RegExSplit(ByRef String, Delimiter := "", OmitChars := "", MaxParts := -1) {
   static uFFFF := Chr(0xFFFF)

   ; early exit, split by chars
   if (Delimiter = "")
      return StrSplit(String, Delimiter, OmitChars, MaxParts)

   ; has regex flags?
   if RegExMatch(Delimiter, "^([^\(\)]*\))(.*)$", m) 
      Delimiter := m1 "(" m2 ")"
   else
      Delimiter := "(" Delimiter ")"

   return StrSplit(RegExReplace(String, Delimiter, uFFFF), uFFFF, OmitChars, MaxParts)
}
swagfag
Posts: 6222
Joined: 11 Jan 2017, 17:59

Re: Split String by RegEx

23 May 2020, 23:32

yeah, no clean way of resolving that using this approach unfortunately
scratch that, see https://www.autohotkey.com/boards/viewtopic.php?p=331034#p331034
Last edited by swagfag on 24 May 2020, 08:01, edited 1 time in total.
User avatar
Chunjee
Posts: 1420
Joined: 18 Apr 2014, 19:05
Contact:

Re: Split String by RegEx

24 May 2020, 00:30

https://biga-ahk.github.io/biga.ahk/#/?id=split does this I believe.
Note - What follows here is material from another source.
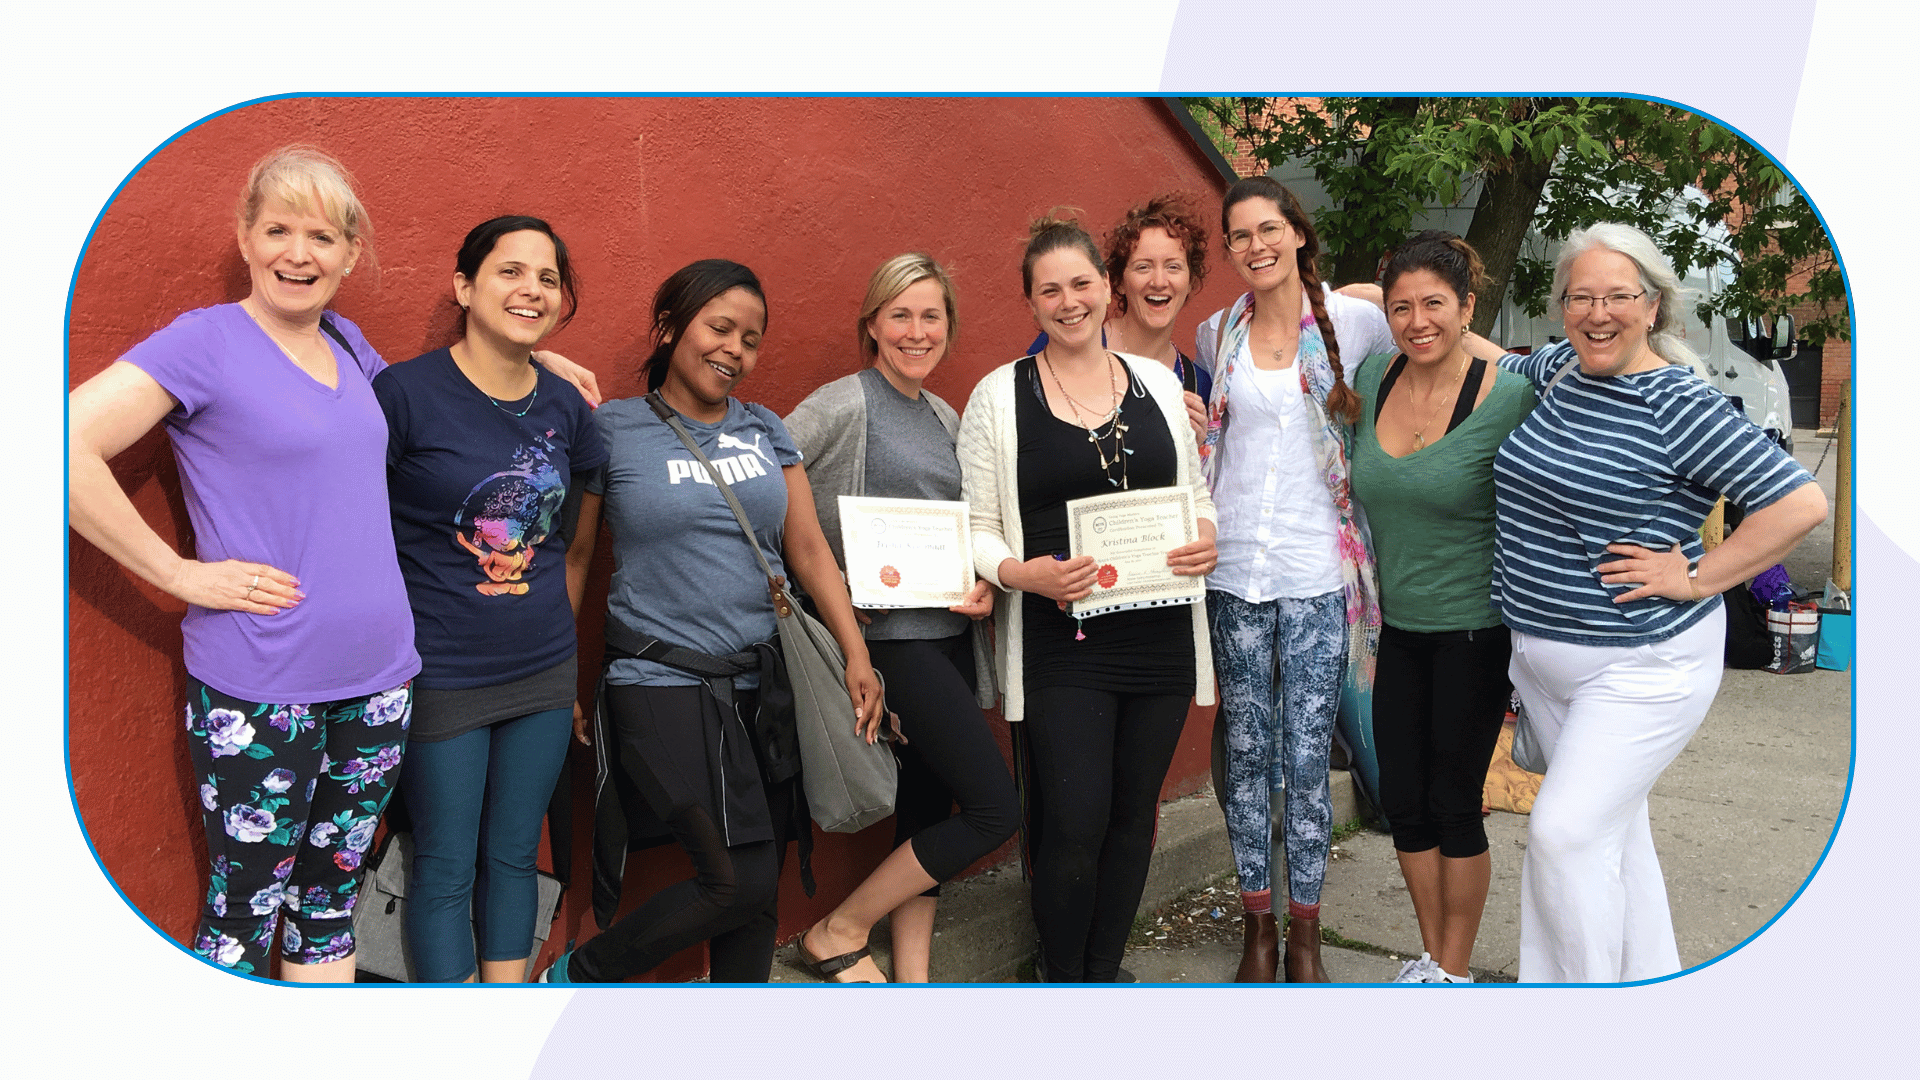 A group of 9 people stand smiling in front of a umber wall with 2 people holding graduation certificates for the kids yoga teacher training

Though regex patterns currently need to be specified with surrounding / characters

Code: Select all

A := new biga() ; requires https://www.npmjs.com/package/biga.ahk

A.split("a--b-c", "/[\-]+/")
; => ["a", "b", "c"]

currently no way to specify "i" regex option.

Code: Select all

A.split("ABCDEFGCVBCRTYECEFGH", "/(?<=B)C|E(?=F)/")
; => ["AB", "D", "FGCVB", "RTYEC", "FGH"]
swagfag
Posts: 6222
Joined: 11 Jan 2017, 17:59

Re: Split String by RegEx

24 May 2020, 08:01

actually i dont remember why i put an extra set of parens in there

Code: Select all

RegExSplit(ByRef String, Delimiter := "", OmitChars := "", MaxParts := -1) {
	static uFFFF := Chr(0xFFFF)

	; early exit, split by chars
	if (Delimiter = "")
		return StrSplit(String, Delimiter, OmitChars, MaxParts)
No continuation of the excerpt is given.